Numerous studies worldwide, including research at the University of Sheffield, provide empirical evidence that substantiate The Listening Program’s efficacy. And while that affirms The Listening Program’s credibility, for many the question remains, how does TLP work?

The Ear-Brain Connection
First, let’s examine the connection between the ear and the brain. In oversimplified terms, the ear has three parts: the outer, middle and inner ear. Sound travels as “vibratory energy” through these three parts as information relays to the brain.

To break it down further, sound is received by the external portion of the ear and passes through the auditory canal to the eardrum. The eardrum then vibrates, passing the vibration though the middle ear bones to the inner ear. The inner ear then converts the vibratory energy into electrochemical messages that are carried along the auditory pathways to the brain. Once there, the brain perceives and interprets the messages.

Auditory Processing Skills
This process of perceiving sound is complex. In fact, it requires a number of skills that comprise auditory processing:
  • Amplitude Perception - To perceive the loudness or intensity of sounds. This is measured in decibels (abbreviated “dB”).
  • Frequency Perception - To perform a frequency analysis; for example, the ability to split sounds into various frequency bands. Frequency is measured in Hertz (abbreviated “Hz”).
  • Auditory Attention - To attend, focus, or listen to sound.
  • Sound Localization - To identify the source of a sound in your environment.
  • Auditory Discrimination - To distinguish between sounds or words that are similar or different in the way they sound.
  • Auditory Closure - To fill in the missing pieces of sounds or words.
  • Auditory Anticipation - To expect what sound is coming next.
  • Auditory Temporal Processing - To analyze the timing and pattern of sounds.
  • Auditory Memory - To sequence sounds, words, or other meaningful combinations. To receive, store, process, and recall auditory information.
  • Auditory Cohesion - To understand the meaning, abstraction, and intention of verbal communication and music.
  • Auditory Figure Ground - To perceive speech or other sound when other competing sounds are present.
  • Auditory Scene Analysis - To separate sounds when a large mixture of sounds is present.
What if Auditory Processing is Impaired?
Imagine a distortion anywhere along the auditory pathway. Maybe it’s the effect of childhood ear infections, or the long-term impact of toxic noise*. Or perhaps there are problems in how the brain perceives sound once it is received. Whatever the cause, this disruption “disorganizes” the information, which diminishes the brain’s ability to make sense of the input and respond appropriately. The result? Auditory processing problems can lead to academic, social and emotional challenges.

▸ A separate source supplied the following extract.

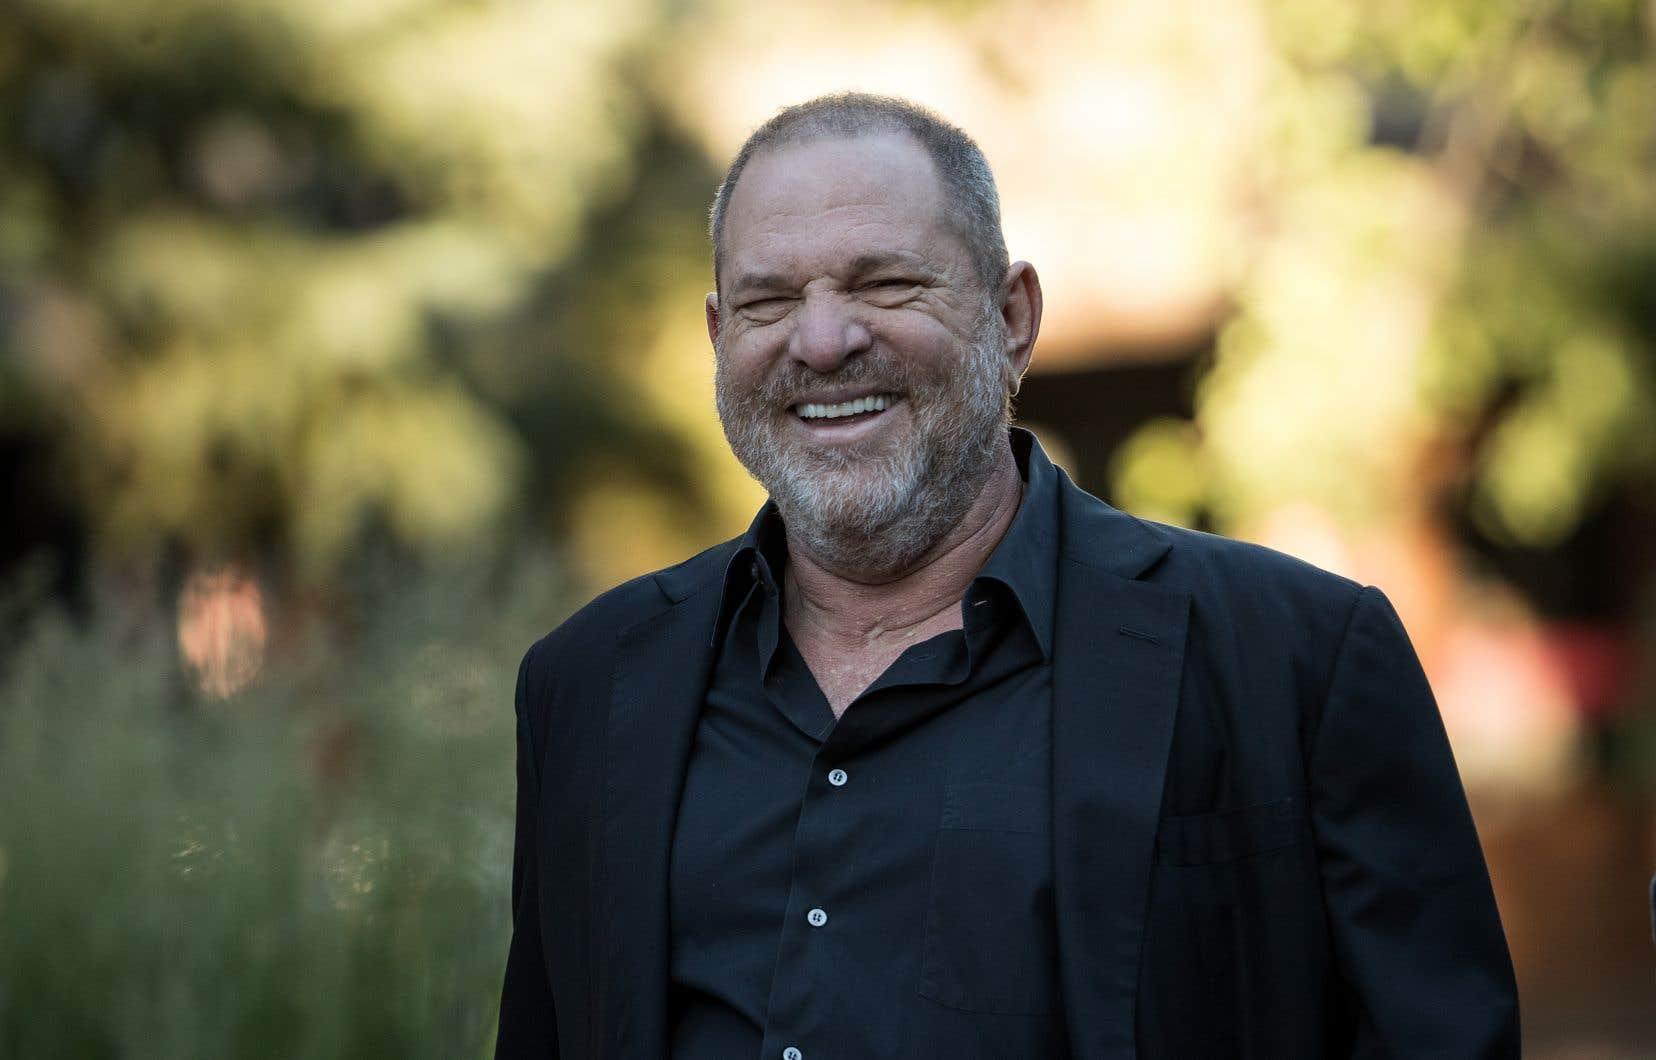 Le producteur américainHarvey Weinstein
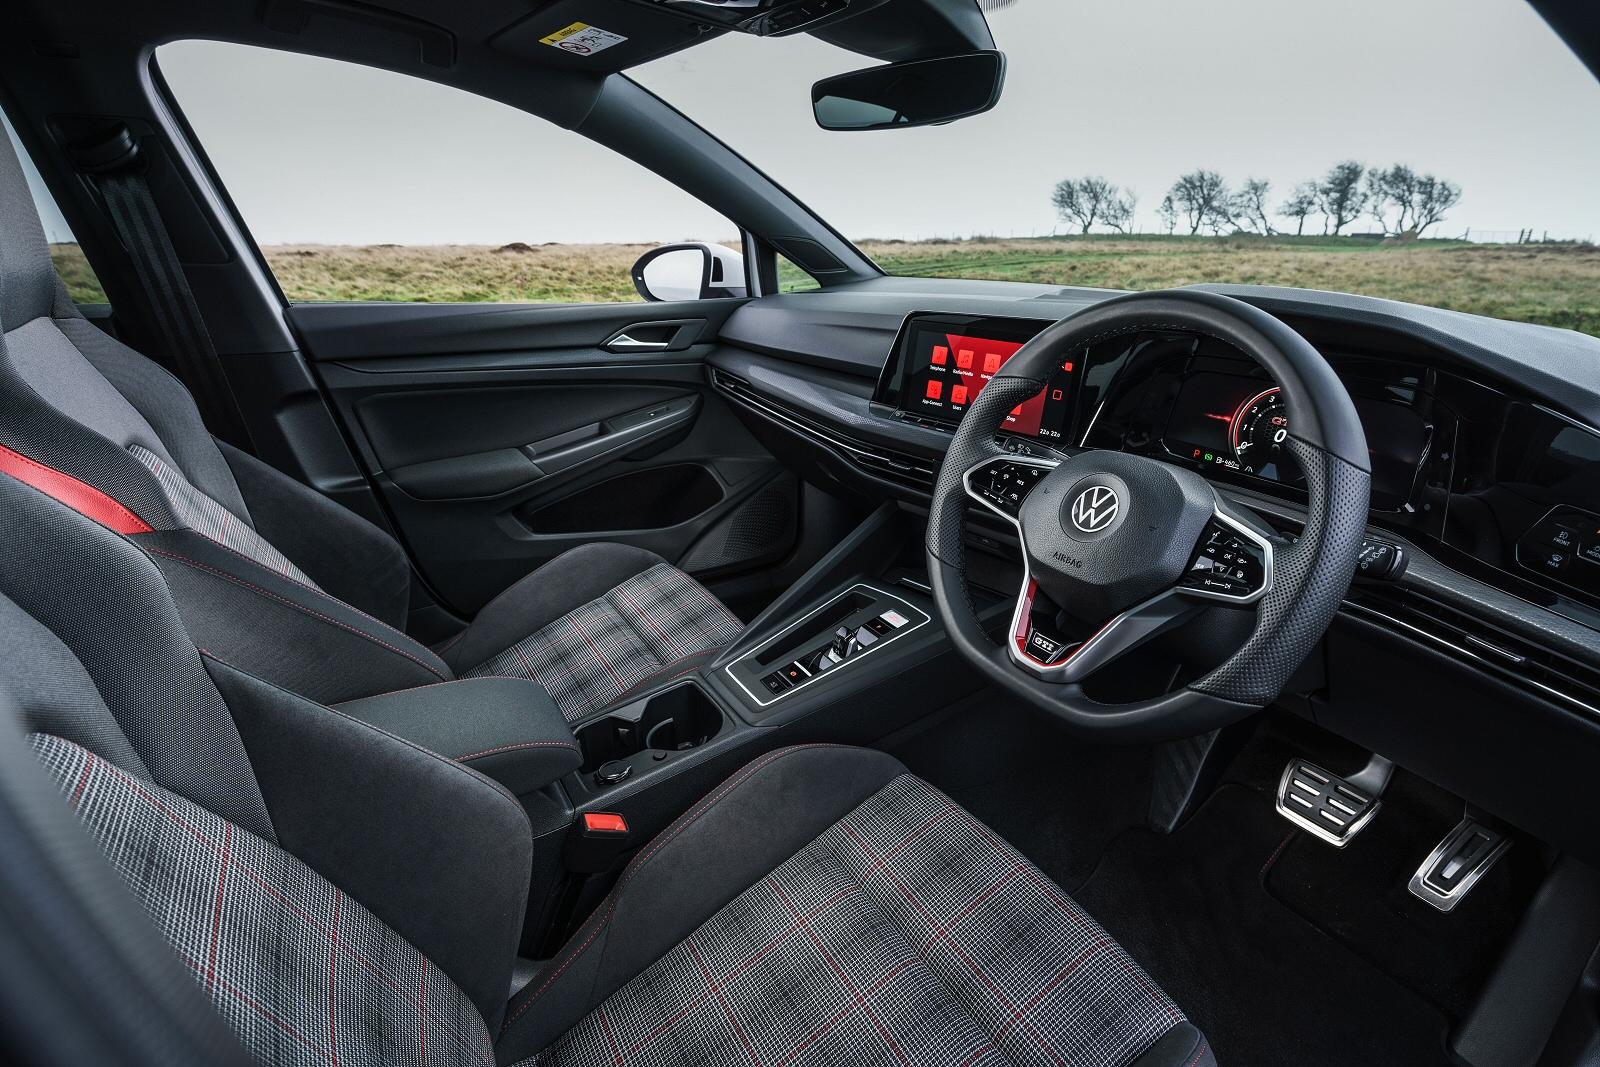 Volkswagen Golf 8 GTI 2.0 TSI 245PS 7-speed DSG 5 Dr + 19inch ALLOYS/DCC/WINTER PACK

Are auditory processing problems permanent? With sufficient intervention, no. Neuroscience is proving that brain function can change, thanks to “brain plasticity.” Research by leaders in this field indicates that plasticity refers to our brain’s natural ability to adapt and change its structure in response to sensory experiences. In other words, with specific stimulation through our senses (hearing, vision, touch, smell, taste), the brain can establish new neural pathways.

However, the brain does not typically respond with significant, permanent change through casual exposure to sensory information. In order to “mold” the brain, it must be presented with specific sensory stimulation frequently, with intensity, and for a sufficient period of time. A definitive effort must be made to convince the brain that the intention is to create a change.

This plasticity stays with us our entire lives. While it is never too late, the younger we begin stimulating the brain, the better.

Improving Auditory Processing Through Music
So the question becomes…how can we overcome auditory processing challenges—moving from a “disorganized” to an “organized” system? Certain classical music, like that of Mozart, Haydn and Vivaldi, is highly structured, producing sound waves in organized patterns. When listening to music, the ear is receiving the musical sound waves—waves that arrive in different frequencies, measured in Hertz (Hz). These frequencies stimulate the brain, and thus affect different functions of the mind and body.

The Listening Program’s psychoacoustically modified music and patent-pending production treatments are designed to stimulate, or “exercise,” the different functions of the auditory processing system. This can enable the brain to better perceive a fuller range of frequencies, organize the information, and respond appropriately.

Extending the Power of Music through Psychoacoustic Treatments
Countless psychoacoustic processes are used in the production of TLP—techniques that enhance and strengthen the attributes inherent within the musical structure to effect change for specific auditory processing skills, as demonstrated in the following examples.
  • Auditory Figure Ground – To “exercise” this skill, which is the ability to perceive speech or other sound when other competing sounds are present, TLP alternates the volume of different instrumental voices. To illustrate, in a particular section of music, the volume may be subtly raised on the oboe, and then the volume reduces on the oboe while it’s raised on the violin. By switching the listener’s attention in and out of the different instrumental voices and between background and foreground sound, TLP is training the auditory processing system to better “tune in” and “tune out.”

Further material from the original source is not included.